Или взять, к примеру, доктора Уртадо. Он всегда заходит ко мне по четвергам. Для консультации. Посмотрит на мой нос, который врачевал сто лет назад, и при этом на его лице такое выражение, будто он судьбу мою решает. Мол, трудный случай! Глаза выпучит. Брови распушит. У доктора Уртадо брови пышнее, чем усы у нашего Генерала. Но я-то прекрасно знаю, о чем он в этот момент думает. О кукурузных чураско с говядиной, которые я ему, как всегда, предложу после всего отведать.

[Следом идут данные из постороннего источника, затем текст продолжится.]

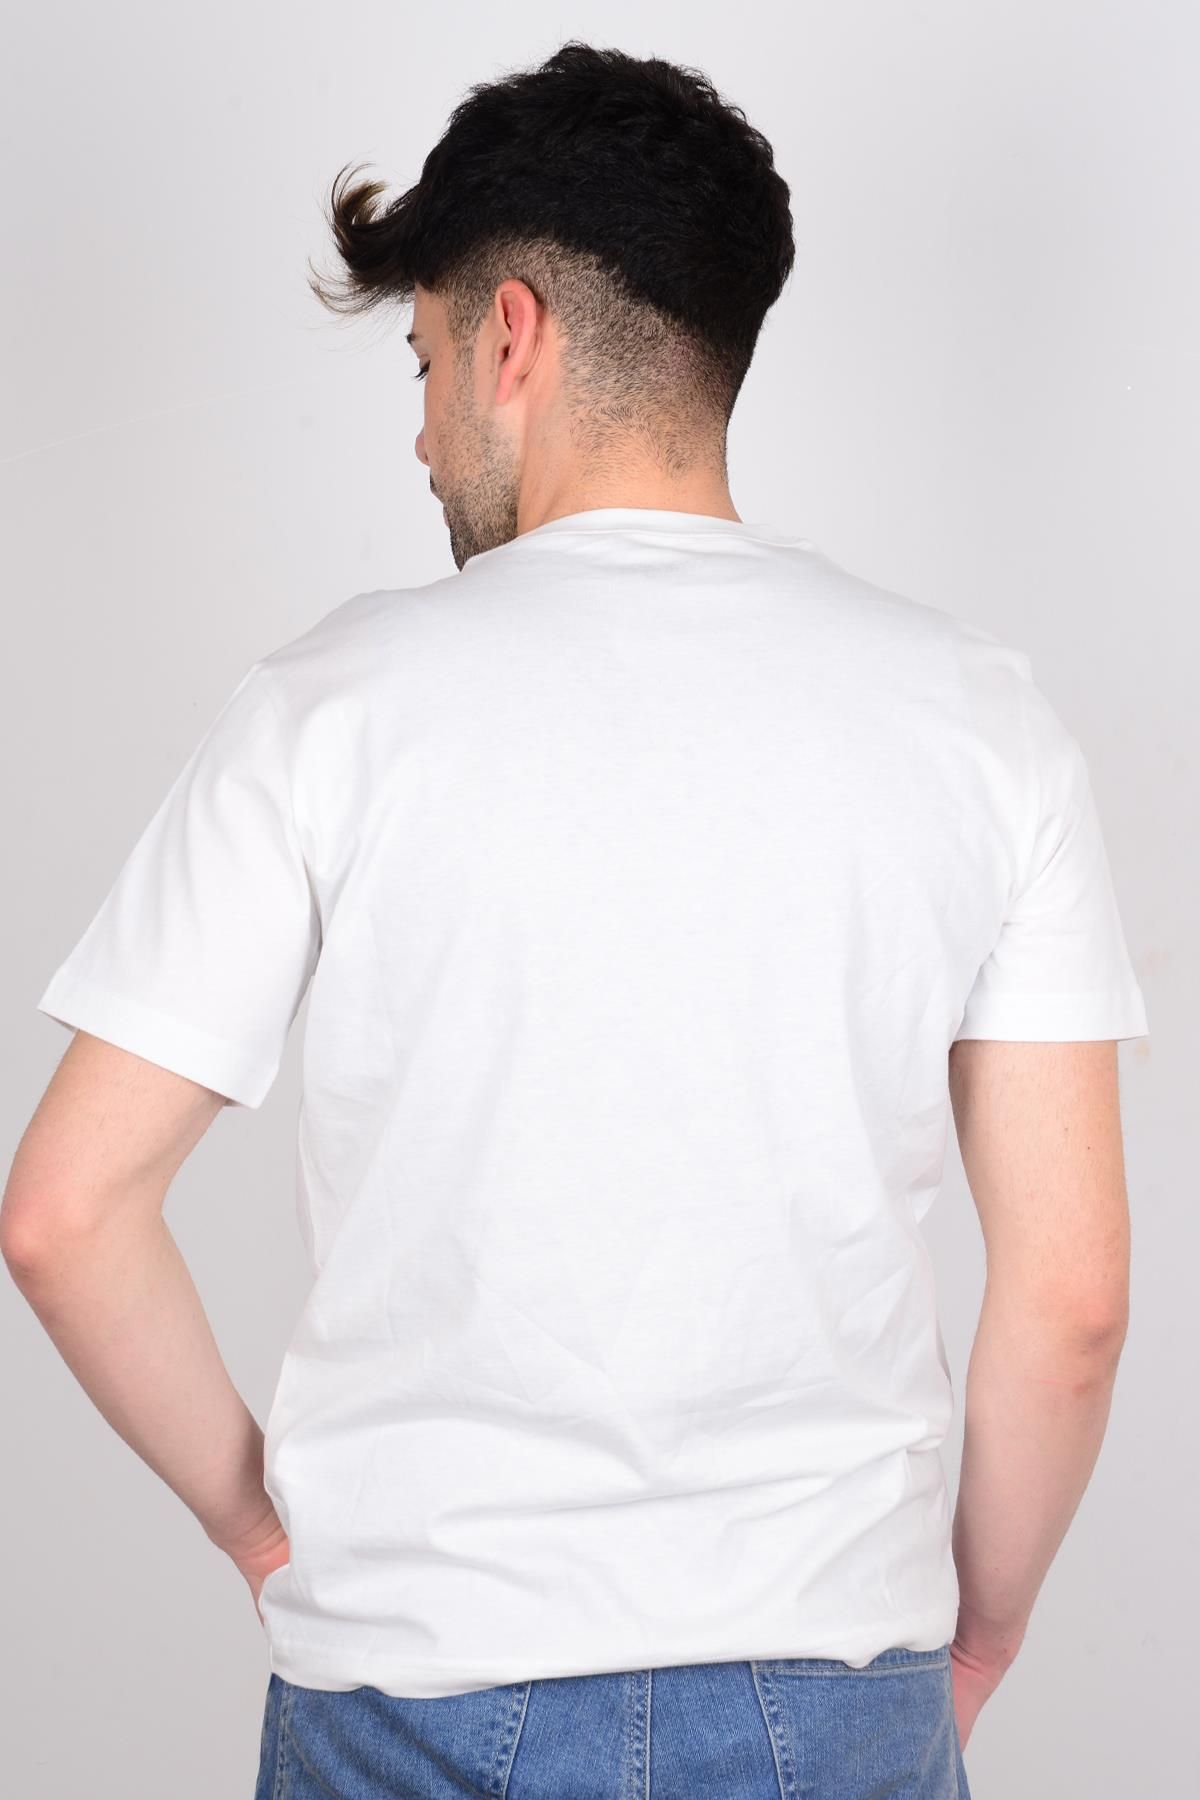 Wrangler W211922102 تی شرت مرد یقه مکتوب جبهه سفید

Он привык к моим чураско еще в те времена, когда был моим мужем, и с тех пор жить не может без того, чтобы не полакомиться ими хотя бы раз в неделю. За едой я ему и сказала, что ко мне завтра зайдет „эта негодница Мария“. Так он даже жевать перестал! Смотрел на меня так, что я боялась, как бы его мохнатые глаза не вывались в тарелку. А ведь, кажется, что ему за дело до бедной девушки? У него отбоя от пациенток нет. Правду сказать, доктор он еще тот, только и знает, что свои носы, но зато в этом он — настоящий мастер! Женщины со всего Сантьяго записываются к нему на консультацию за несколько лет, чуть ли не с рождения. А в приемной всегда толпится несколько дам, желающих получить консультацию вне очереди. И каждую ему удается убедить в том, что ее носик великолепен и не нуждается ни в какой косметической операции. Доказательства, которые при этом предъявляет доктор, не оставляют места для сомнений в верности диагноза. Ни одной не отказывает! И если Мария не задрала нос после консультации у доктора Уртадо, то это что-то значит! Впрочем, пусть судят ее, как хотят, да я и сама при каждом удобном случае ругаю ее потребной девкой, стараясь отвести глаза всем этим дурням. Ведь что бы они ни подумали о ней, все равно все их мысли будут об одном и том же. Молодец эта Мария!